Il botta e risposta ha riacceso l’attenzione su quanto la figura di Rodari sia viva nella cultura pop e nella memoria collettiva russa.

Perché Gianni Rodari è così conosciuto e amato in Russia

L’enorme popolarità di Gianni Rodari nei Paesi dell’ex Unione Sovietica ha radici storiche, ideologiche e culturali molto profonde:

1. L’affinità ideologica e l’impegno politico

Rodari è stato un militante e giornalista comunista (ha lavorato per l’Unità e fondato il giornalino Pioniere). Negli anni ’50 e ’60, l’Unione Sovietica promuoveva e traduceva ampiamente gli autori occidentali vicini al PCI. Rodari rispondeva perfettamente ai criteri culturali sovietici, proponendo storie che criticavano l’avidità, le ingiustizie sociali e la prepotenza dei potenti.

2. Il successo travolgente di Cipollino (Приключения Чиполлино)

Il suo romanzo del 1951, Le avventure di Cipollino, divenne un vero e proprio fenomeno di massa in URSS. La storia del giovane cipollotto che combatte contro l’oppressione del tirannico Principe Limone e del Cavaliere Pomodoro offriva:

  • Una metafora di lotta di classe accessibile e godibile per i bambini.
  • Un adattamento cult: nel 1961 la Soyuzmultfilm ne trattò un famoso cartone animato, seguito nel 1973 da un film live-action e persino da un celebre balletto al Teatro Bol’šoj con musiche di Karen Chačaturjan.

3. Presenza nei programmi scolastici e nella vita quotidiana

I libri di Rodari sono stati tradotti in decine di milioni di copie in tutte le repubbliche sovietiche.

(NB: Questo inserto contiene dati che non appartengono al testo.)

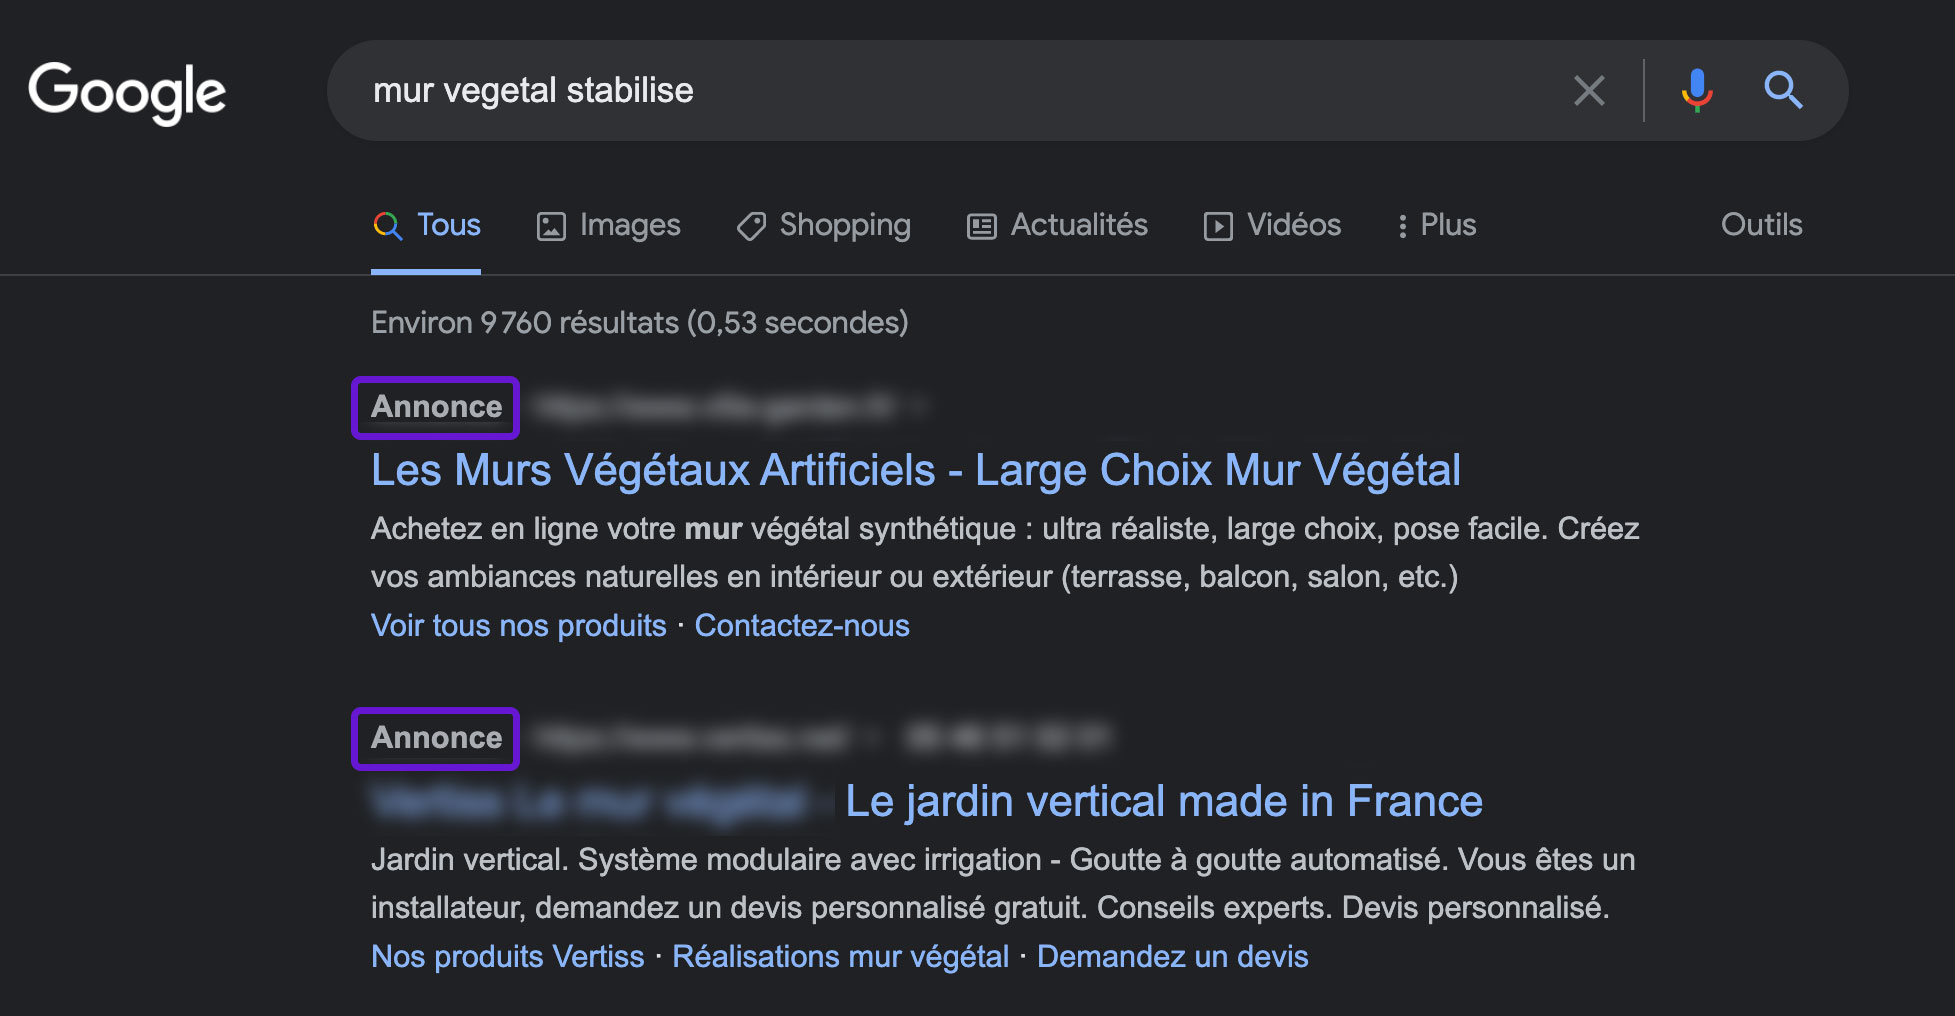 referencement payant sea google ads vegetal stabilise

Intere generazioni di bambini (inclusa la classe dirigente russa attuale) sono cresciute leggendo le sue fiabe a scuola o ascoltandone gli audiolibri. In Russia, Cipollino è considerato quasi un eroe nazionale al pari dei personaggi del folklore locale.

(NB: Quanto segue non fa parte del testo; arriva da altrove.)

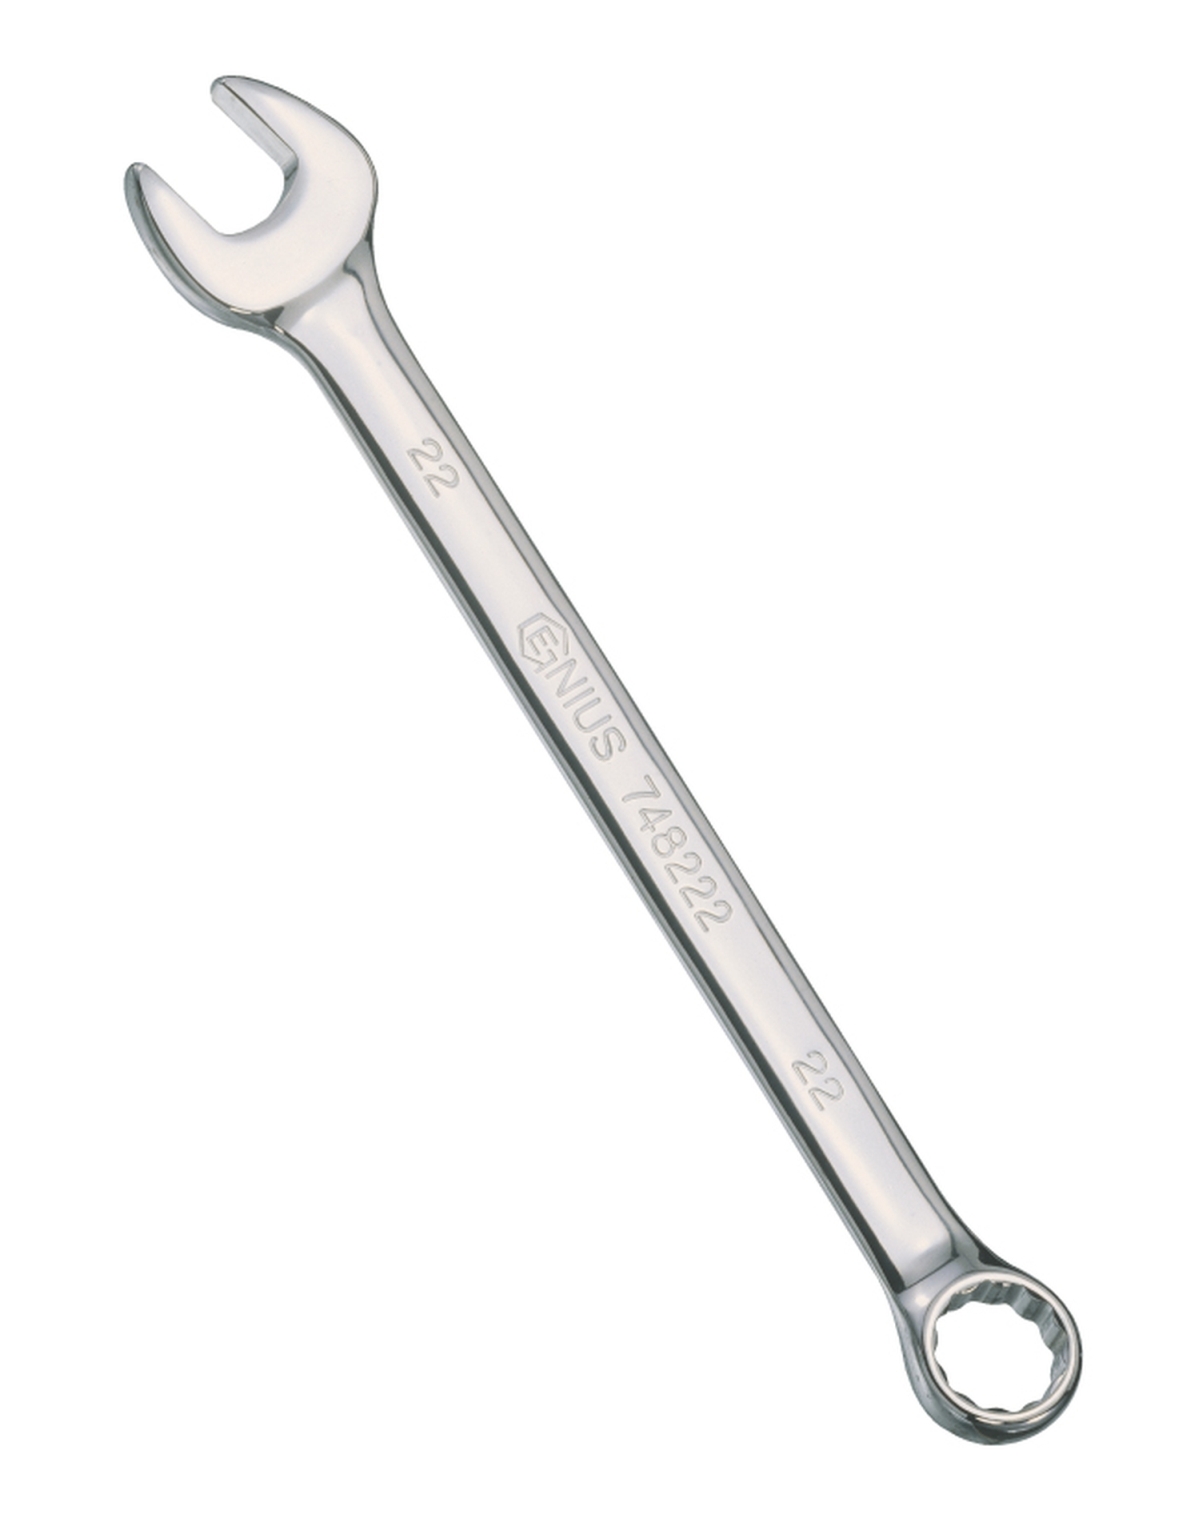 Combination Wrench 8mm

4. I suoi frequenti viaggi in URSS

Rodari visitò più volte l’Unione Sovietica, frequentando scuole, pionieri e teatri, ed era trattato come una vera celebrità.
È proprio grazie a questo profondo legame culturale che la diplomazia russa usa Rodari come riferimento citazionale immediato, sapendo che qualsiasi cittadino russo comprende al volo la metafora.